Geçmişe özlem sık yaşadığımız duyguların başında geliyor. Hatta her bayram “Nerede o eski bayramlar?” cümlesini yaşı ilerleyenlerden daha çok duyarız. Peki neden geçmişe özlem duyduğumuzu merak ediyor musunuz?

Francis Galton adlı İngiliz bir bilim insanı belki de eski günleri neden bu kadar çok andığını, geçmişe özlem duyduğunu merak edip 1897 yılında kendi üzerinde bir hafıza deneyi yapmaya karar vermiş.

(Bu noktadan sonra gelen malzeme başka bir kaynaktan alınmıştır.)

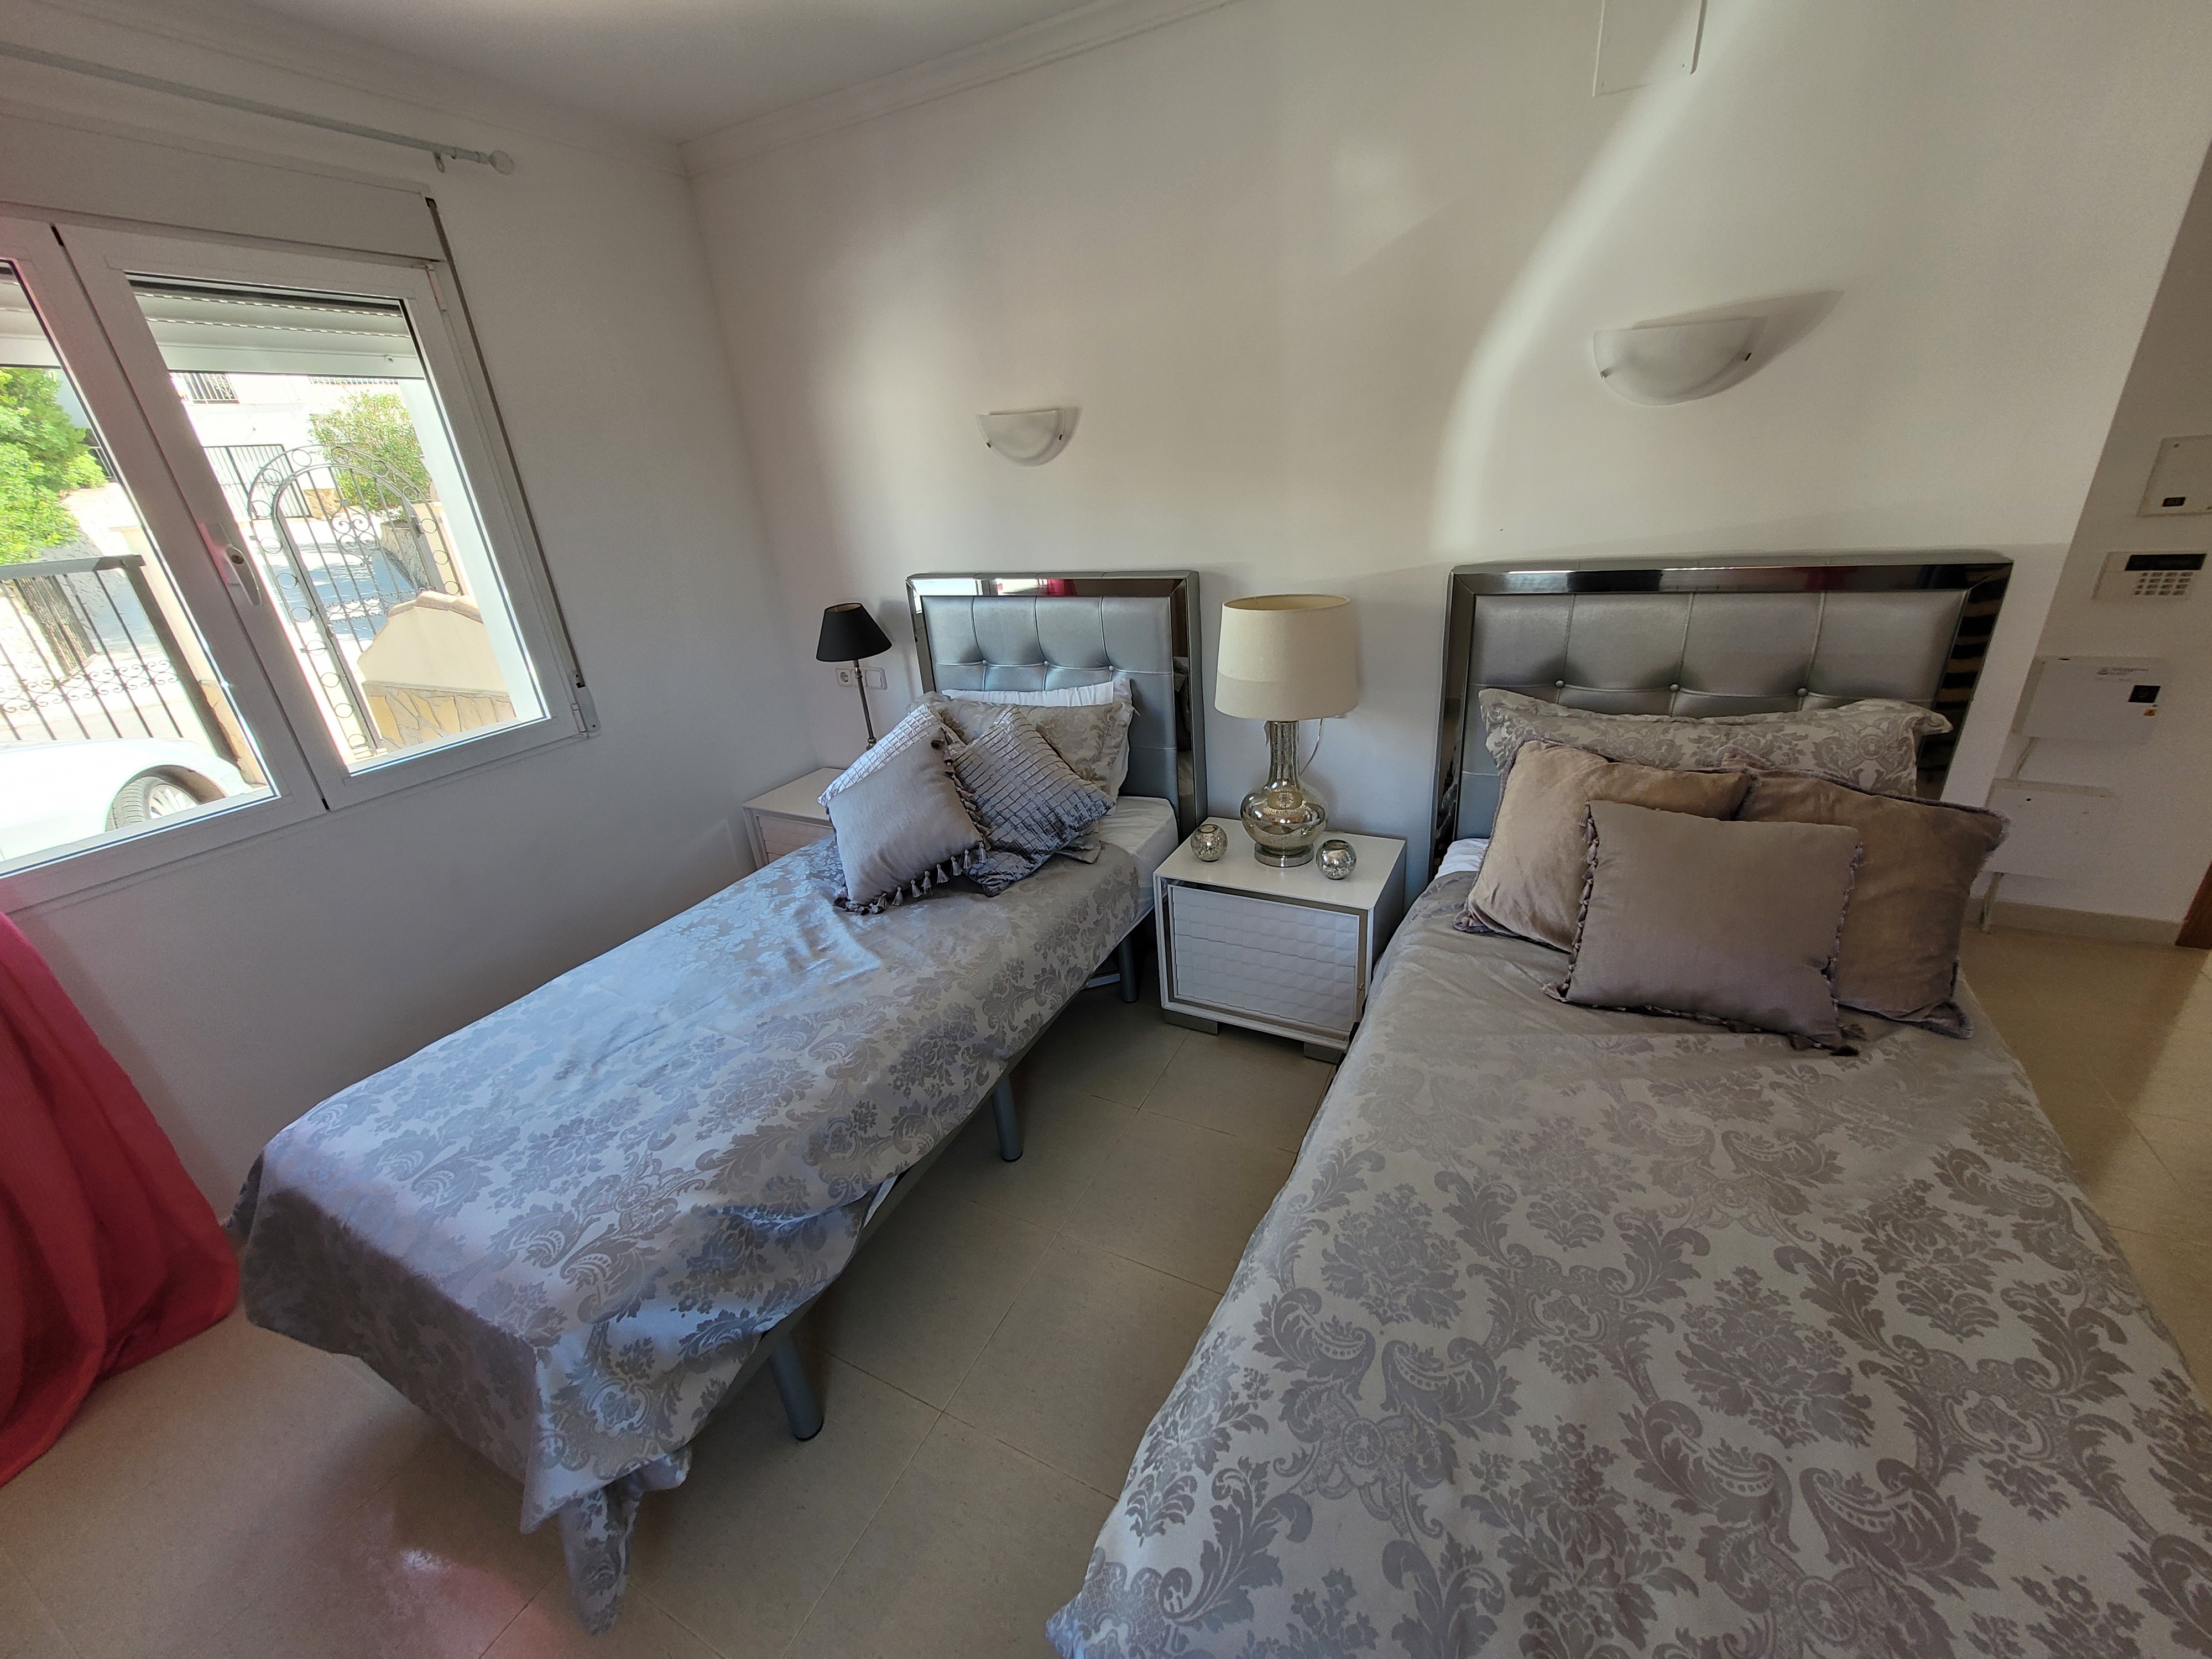 Villa de 5 camas en venta en parque natural de Granadella con impresionantes vistas en venta

Bir gün sokağa çıkıp yürümüye başlamış ve etrafında gördüğü her şeyi bir süre not etmiş. Daha sonra yazdığı her nesnenin yanına, bu nesnelerin kendisine neyi hatırlattıklarını yazmış. Kayıtlara geçen bu hafıza deneyinden Galton şu sonucu çıkarmış:

“Beynin hatırladığı şeylerin yaklaşık %85 lik kısmı çocukluk dönemi ile ilgili.” …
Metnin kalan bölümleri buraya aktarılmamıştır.